The goal of oxygen therapy and management of ventilation is to maintain the partial pressure of oxygen in the arterial blood supply (PaO2) greater than or equal to 90 mm Hg and the PaCO2 below 35–40 mm Hg. If the patient is able to ventilate spontaneously and effectively, supplemental oxygen should be delivered via 'flow-by'; confinement within an oxygen cage prevents frequent monitoring. Face masks and nasal catheters should be avoided, if possible, as they can cause anxiety, which may contribute to elevations of intracranial pressure.
Intracranial pressure can be aggressively addressed with the administration of osmotic diuretics.
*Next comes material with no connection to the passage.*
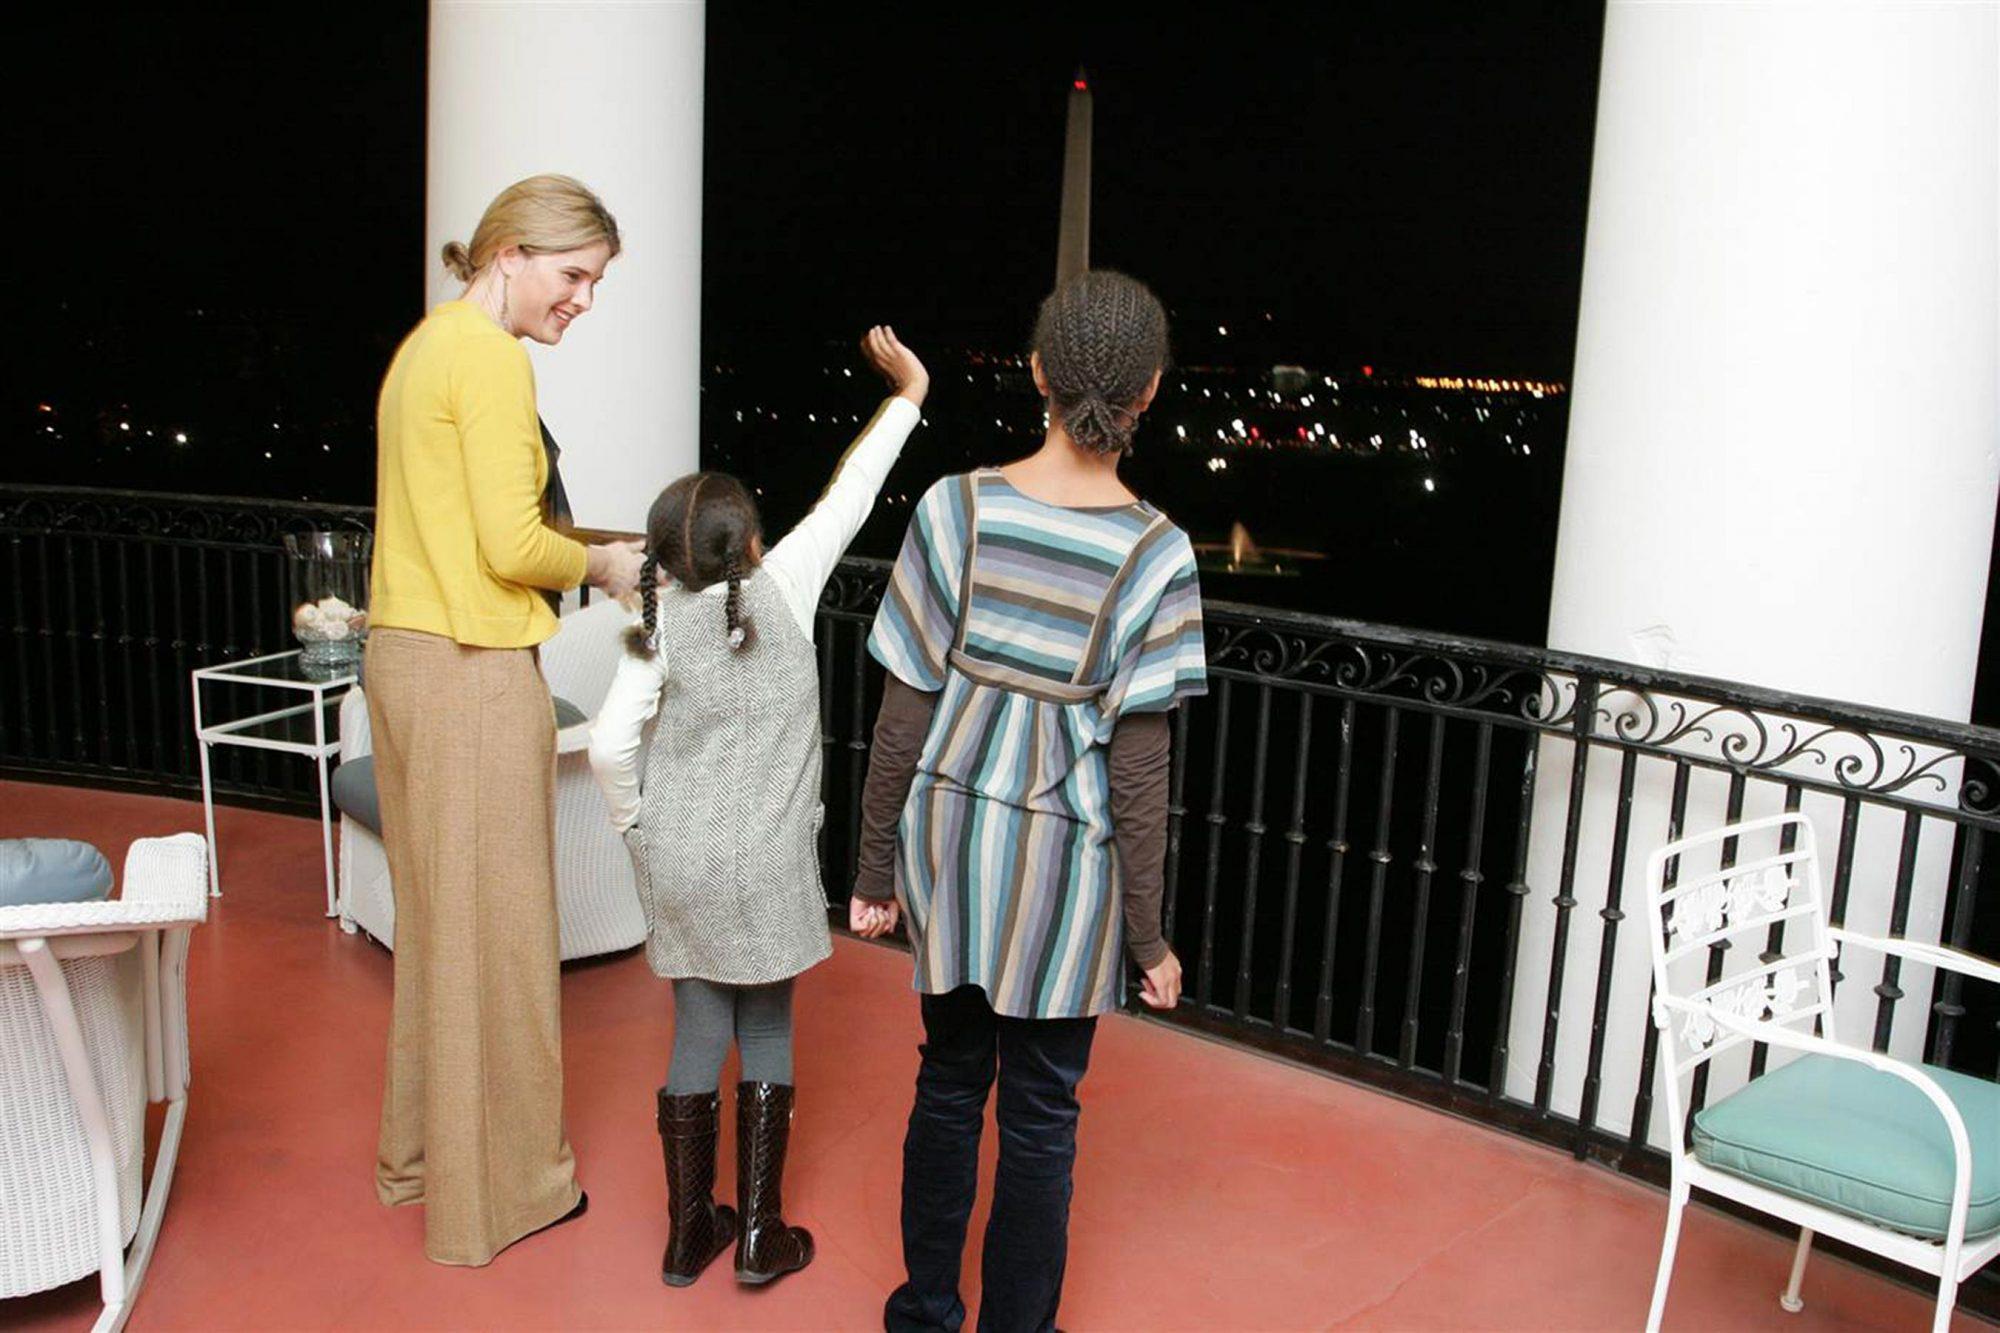 White House Photo CR: Joyce N. Boghosian / White House Photo

Osmotic diuretics, such as mannitol, should not be given to any patient without being certain that the patient has been volume resuscitated. Mannitol improves cerebral blood flow and reduces intracranial pressure by decreasing edema. After administration, mannitol expands the plasma volume and reduces blood viscosity, which improves cerebral blood flow and delivery of oxygen to the brain. Additionally, mannitol assists in scavenging free radicals, which contribute to secondary injury processes. Vasoconstriction occurs as a sequela to the increased partial pressure of oxygen, leading to an immediate decrease in ICP. Additionally, the osmotic effect of mannitol reduces extracellular fluid volume within the brain. Mannitol (0.5–2.0 g/kg) should be given as a bolus over 15 minutes to optimize the plasma expanding effect. Continuous infusions of mannitol increase the permeability of the blood brain barrier exacerbating oedema. Lower doses of mannitol are as effective at decreasing ICP as higher doses, but may not last as long. Mannitol reduces brain oedema over about 15–30 minutes after administration and has an effect for approximately two to five hours.